Dare I [Esther] hint at that worse time when, strung together somewhere in great black space, there was a flaming necklace, or ring, or starry circle of some kind, of which I was one of the beads! And when my only prayer was to be taken off from the rest and when it was such inexplicable agony and misery to be a part of the dreadful thing? (35.5)
This is an interesting hallucination. Esther is part of a necklace, chained together with many other beads just like her. They cannot help but all be next to each other and tied together. To be dead is to be free from all those other beads. That's a pretty good metaphor for the kind of closed social space that this novel is.

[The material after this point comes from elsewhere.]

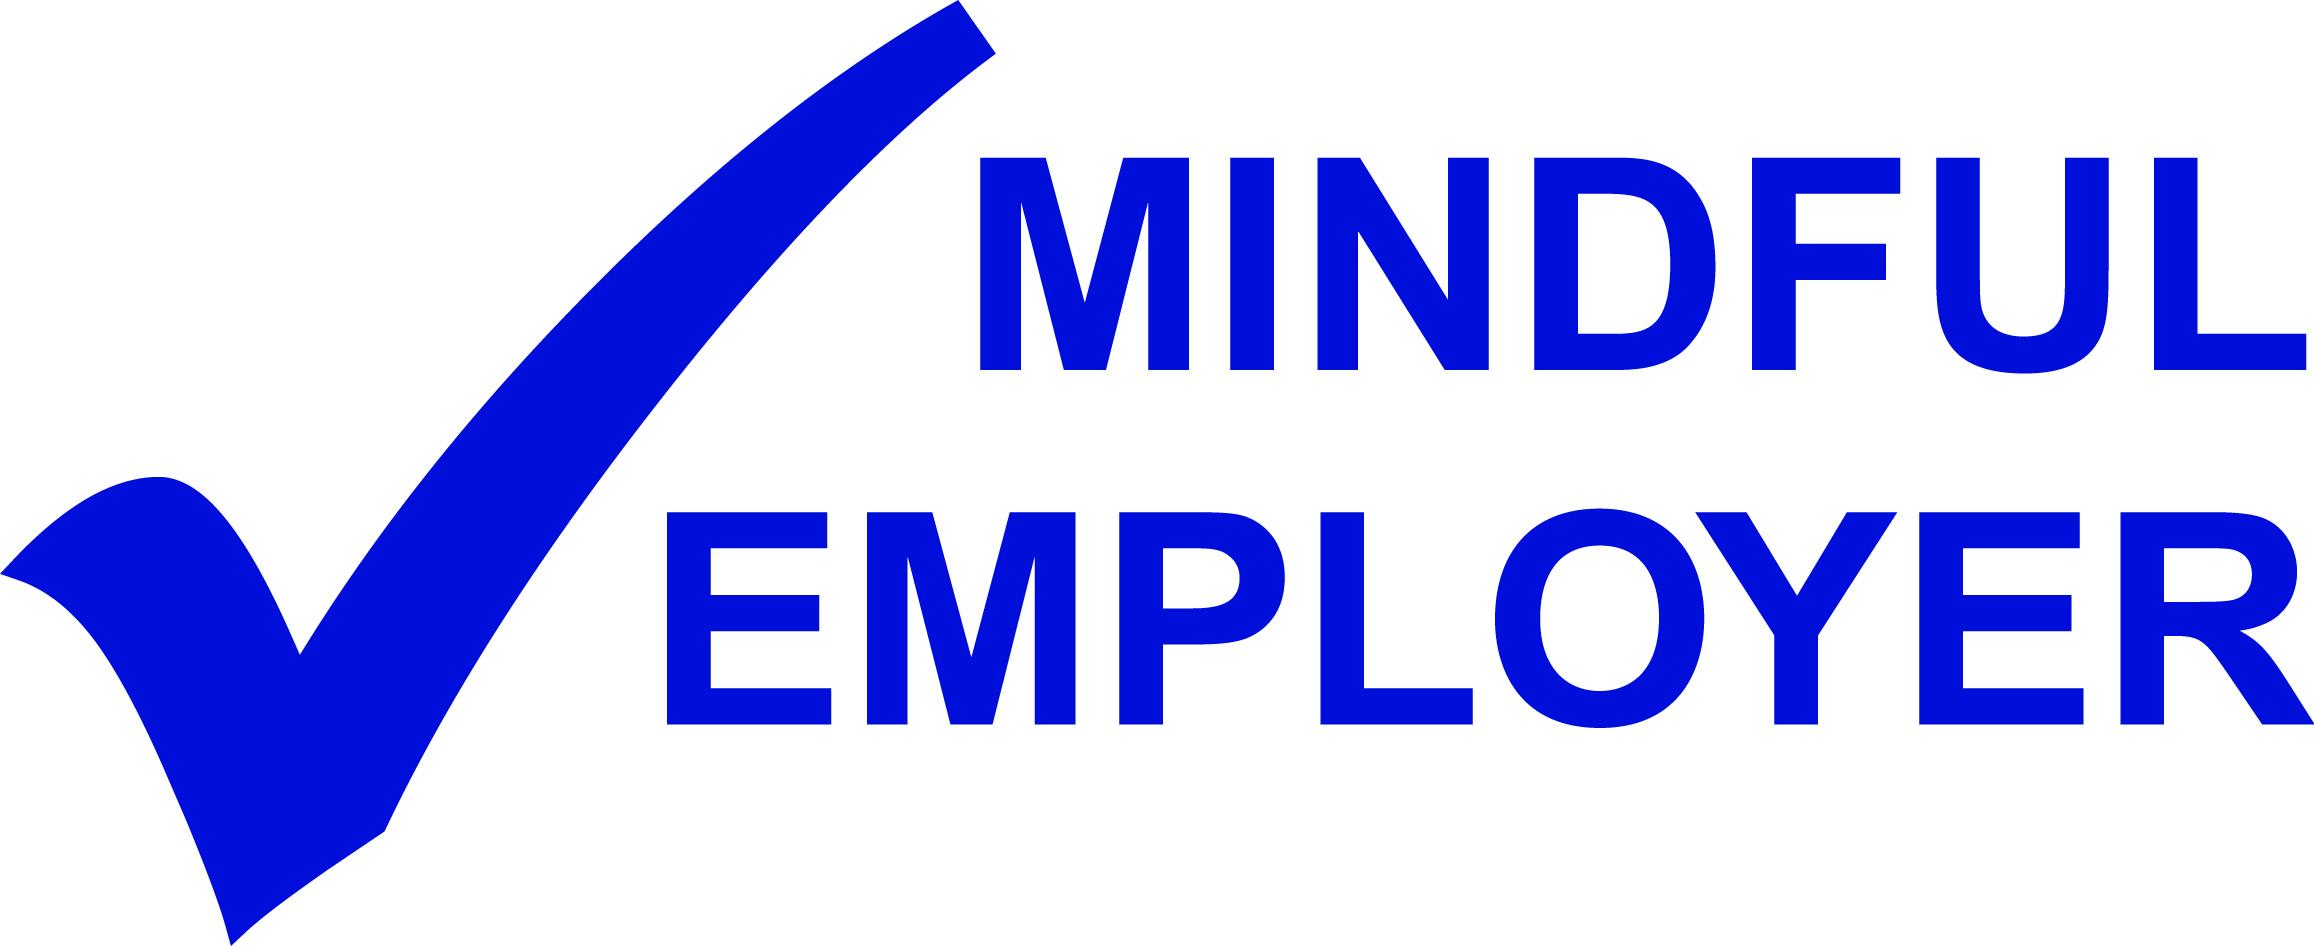 Mindful Employer logo blue jpeg

"Do you know," Lady Dedlock asks her, signing to her to bring her chair nearer, "do you know, Rosa, that I am different to you from what I am to any one?"
"Yes, my Lady. Much kinder. But then I often think I know you as you really are."
"You often think you know me as I really am? Poor child, poor child!"
She says it with a kind of scorn--though not of Rosa--and sits brooding, looking dreamily at her.
"Do you think, Rosa, you are any relief or comfort to me? Do you suppose your being young and natural, and fond of me and grateful to me, makes it any pleasure to me to have you near me?"
"I don't know, my Lady; I can scarcely hope so. But with all my heart, I wish it was so."
"It is so, little one." (48.12-18)
When Lady Dedlock suddenly feels she can no longer fully repress all the maternal instincts and feelings she has long buried, she cleverly makes Rosa the object of her affection. This gives her newfound emotions an outlet and makes them seem a little less suspect to the people around her.
"Yes," says the man, coming in and closing the door. "I was going down the street here when I happened to stop and look in at the musical instruments in the shop-window--a friend of mine is in want of a second-hand wiolinceller of a good tone--and I saw a party enjoying themselves, and I thought it was you in the corner; I thought I couldn't be mistaken. How goes the world with you, George, at the present moment? Pretty smooth? And with you, ma'am? And with you, governor? And Lord," says Mr. Bucket, opening his arms, "here's children too! You may do anything with me if you only show me children. Give us a kiss, my pets. No occasion to inquire who YOUR father and mother is. Never saw such a likeness in my life!" [...] "A friend of mine has had nineteen of 'em, ma'am, all by one mother, and she's still as fresh and rosy as the morning. Not so much so as yourself, but, upon my soul, she comes near you! And what do you call these, my darling?" pursues Mr. Bucket, pinching Malta's cheeks. "These are peaches, these are. Bless your heart!" [...] These blandishments have entirely won the family heart. Mrs. Bagnet forgets the day to the extent of filling a pipe and a glass for Mr. Bucket and waiting upon him hospitably. She would be glad to receive so pleasant a character under any circumstances, but she tells him that as a friend of George's she is particularly glad to see him this evening, for George has not been in his usual spirits. (49.57-61)
This is the first time we see Bucket's smooth ability to become instant friends with anybody. We think he does genuinely have some of the emotions he pretends to have. It would be hard to know how to act with little kids, for instance, without actually liking them. So he both likes this fresh-faced, happy family and is also putting on a show to keep tabs on George.